WORK TASK — Retype exactly the lines from the one with "Chaise de bar" down to the final line of the material below, both included, and nothing more.

*** Opening RECORDED INFORMATION ***

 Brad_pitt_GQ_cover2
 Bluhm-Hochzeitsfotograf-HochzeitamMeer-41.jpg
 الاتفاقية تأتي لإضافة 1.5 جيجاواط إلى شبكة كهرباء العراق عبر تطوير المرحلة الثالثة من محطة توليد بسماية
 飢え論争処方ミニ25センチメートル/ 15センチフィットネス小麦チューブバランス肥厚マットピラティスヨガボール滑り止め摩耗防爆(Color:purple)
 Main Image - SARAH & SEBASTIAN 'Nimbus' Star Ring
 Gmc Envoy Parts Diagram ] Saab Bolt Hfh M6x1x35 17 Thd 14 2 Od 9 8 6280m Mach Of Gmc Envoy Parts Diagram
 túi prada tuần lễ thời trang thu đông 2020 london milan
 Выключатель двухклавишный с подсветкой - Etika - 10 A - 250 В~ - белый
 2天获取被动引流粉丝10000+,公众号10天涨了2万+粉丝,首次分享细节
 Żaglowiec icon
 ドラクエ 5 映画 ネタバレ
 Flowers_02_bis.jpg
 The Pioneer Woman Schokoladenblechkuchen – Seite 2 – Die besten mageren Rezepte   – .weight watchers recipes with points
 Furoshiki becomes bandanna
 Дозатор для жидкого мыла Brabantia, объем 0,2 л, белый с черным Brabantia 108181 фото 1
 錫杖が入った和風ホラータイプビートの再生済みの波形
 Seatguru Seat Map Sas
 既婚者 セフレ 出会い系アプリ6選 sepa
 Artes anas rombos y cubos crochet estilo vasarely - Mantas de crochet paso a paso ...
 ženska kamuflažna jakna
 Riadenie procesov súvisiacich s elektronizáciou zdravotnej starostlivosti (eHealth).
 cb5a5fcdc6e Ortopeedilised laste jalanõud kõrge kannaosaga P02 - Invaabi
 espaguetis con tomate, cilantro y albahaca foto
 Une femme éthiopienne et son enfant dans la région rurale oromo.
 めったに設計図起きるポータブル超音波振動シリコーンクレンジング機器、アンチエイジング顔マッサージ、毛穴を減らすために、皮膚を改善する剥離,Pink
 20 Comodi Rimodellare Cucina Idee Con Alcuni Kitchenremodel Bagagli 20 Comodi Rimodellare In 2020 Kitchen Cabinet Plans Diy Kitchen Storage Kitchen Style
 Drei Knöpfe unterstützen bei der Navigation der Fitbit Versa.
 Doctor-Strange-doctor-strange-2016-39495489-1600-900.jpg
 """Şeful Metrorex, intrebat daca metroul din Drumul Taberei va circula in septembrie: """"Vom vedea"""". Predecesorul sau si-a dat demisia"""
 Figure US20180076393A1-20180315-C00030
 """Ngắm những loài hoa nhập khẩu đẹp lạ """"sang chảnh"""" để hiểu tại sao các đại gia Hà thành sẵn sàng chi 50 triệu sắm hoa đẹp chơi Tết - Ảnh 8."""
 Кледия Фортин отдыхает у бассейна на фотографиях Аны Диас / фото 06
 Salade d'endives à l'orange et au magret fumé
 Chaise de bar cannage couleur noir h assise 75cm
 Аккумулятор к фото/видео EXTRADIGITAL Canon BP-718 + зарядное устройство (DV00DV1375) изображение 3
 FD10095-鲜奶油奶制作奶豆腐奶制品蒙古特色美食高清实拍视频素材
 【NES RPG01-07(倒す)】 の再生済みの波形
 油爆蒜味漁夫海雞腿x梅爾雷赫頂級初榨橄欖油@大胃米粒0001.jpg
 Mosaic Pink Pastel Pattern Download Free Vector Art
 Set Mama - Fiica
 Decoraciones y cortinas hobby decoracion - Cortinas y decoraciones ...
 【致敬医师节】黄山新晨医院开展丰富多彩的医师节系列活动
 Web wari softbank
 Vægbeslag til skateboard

*** Closing RECORDED INFORMATION ***

RESULT OF THIS TASK —
 Chaise de bar cannage couleur noir h assise 75cm
 Аккумулятор к фото/видео EXTRADIGITAL Canon BP-718 + зарядное устройство (DV00DV1375) изображение 3
 FD10095-鲜奶油奶制作奶豆腐奶制品蒙古特色美食高清实拍视频素材
 【NES RPG01-07(倒す)】 の再生済みの波形
 油爆蒜味漁夫海雞腿x梅爾雷赫頂級初榨橄欖油@大胃米粒0001.jpg
 Mosaic Pink Pastel Pattern Download Free Vector Art
 Set Mama - Fiica
 Decoraciones y cortinas hobby decoracion - Cortinas y decoraciones ...
 【致敬医师节】黄山新晨医院开展丰富多彩的医师节系列活动
 Web wari softbank
 Vægbeslag til skateboard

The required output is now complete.